Bhubaneswar: With Orissa High Court lifting the stay on dog sterilisation January 9, Bhubaneswar Municipal Corporation (BMC) has said that steps would be taken to make Bhubaneswar rabies-free by 2025.
A BMC official said that all stray dogs will be sterilised within a year and a half to reduce the menace of stray dogs in the state capital.
However, BMC’s rabies-free target seems to be a long shot as the civic body does not have an accurate estimate of the number of stray dogs roaming in the city, a source said Thursday.
The number of dogs in BMC area is being estimated, the source added.
BMC’s long-standing project to count stray dogs to ascertain their actual numbers has not been implemented as yet.
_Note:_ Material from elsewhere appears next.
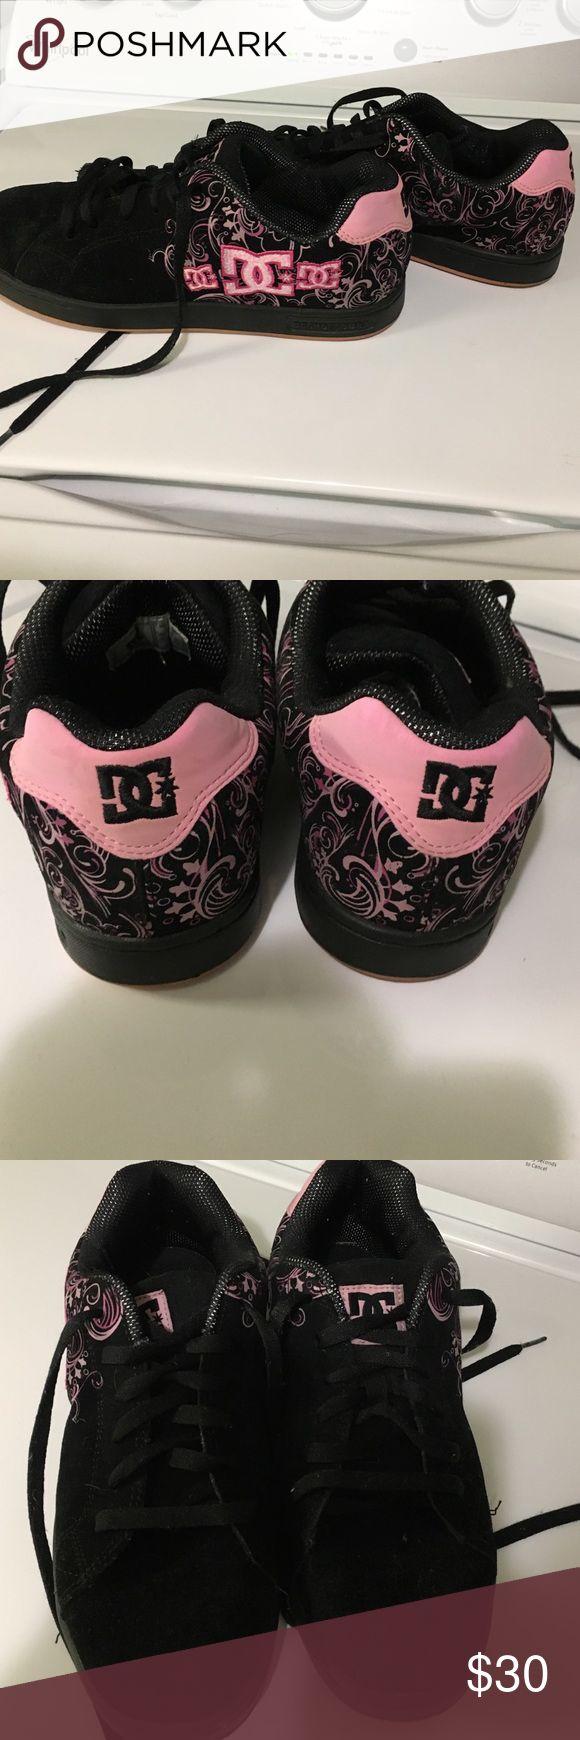 "Black and pink ""skateboard"" shoes-chunky shoe Worn twice very sturdy shoe DG shoe co USA Shoes Sneakers"
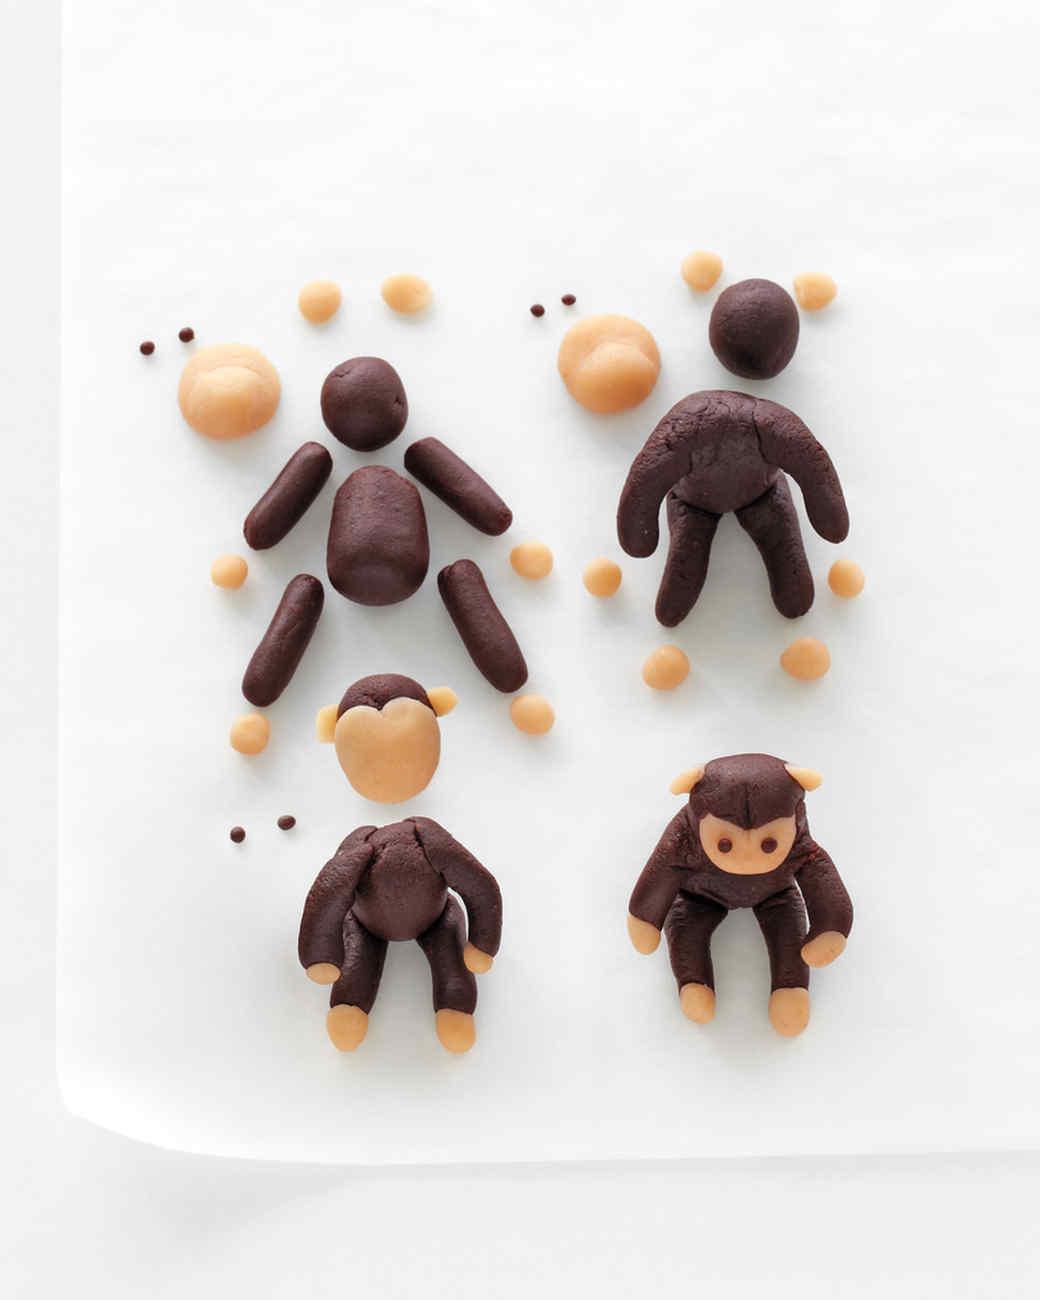 jude-perry-st-monkey-2-mld109137.jpg

According to the project, a firm needs to be appointed following a tender-call notice that would visit each ward in Bhubaneswar and prepare a stray-dog census. The Animal Birth Control (ABC) programme would be planned based on the data provided by the surveying agency.
However, for over a year now, the project has been stuck under BMC’s red tape.
BMC Deputy Commissioner Ramesh Chandra Jena said the tender for the project will be floated soon. A dog hospital being built in Mancheswar area will be inaugurated in a week’s time, he informed.
Why stay was imposed on ABC?
The dog sterilisation drive in the state had been on hold in the state from July last year following a public interest litigation (PIL) in Orissa High Court alleging violation of ABC programme norms in Bhubaneswar. The PIL was filed in the court alleging that the Odisha government had been undertaking dog sterilisation without a monitoring committee.
The Supreme Court had issued a directive to all the states to constitute a state-level monitoring committee for the ABC programme.
Notably, the ABC programme requires catching, vaccinating, neutering, and releasing stray dogs. The Fisheries and Animal Resources Development Department of the state government runs the ABC programme in 12 urban areas such as Bhubaneswar, Cuttack, Puri, Sambalpur, Angul, Jagatsinghpur, Baripada, Berhampur, Balasore, Bhawanipatna, Rourkela and Jajpur.
Why does Odisha need ABC?
While answering a query in Lok Sabha last year on dog bite menace, Minister of State of Health and Family Welfare Satyapal Singh Baghel informed that Odisha saw 64,642 dog bite cases in the year 2022 while it was 59,085 in 2021. Odisha had ranked among the top 10 states with most dog bite cases.
According to 2019 Livestock Census, Odisha has second-highest number of stray dogs (around 17 lakh) after Uttar Pradesh in India.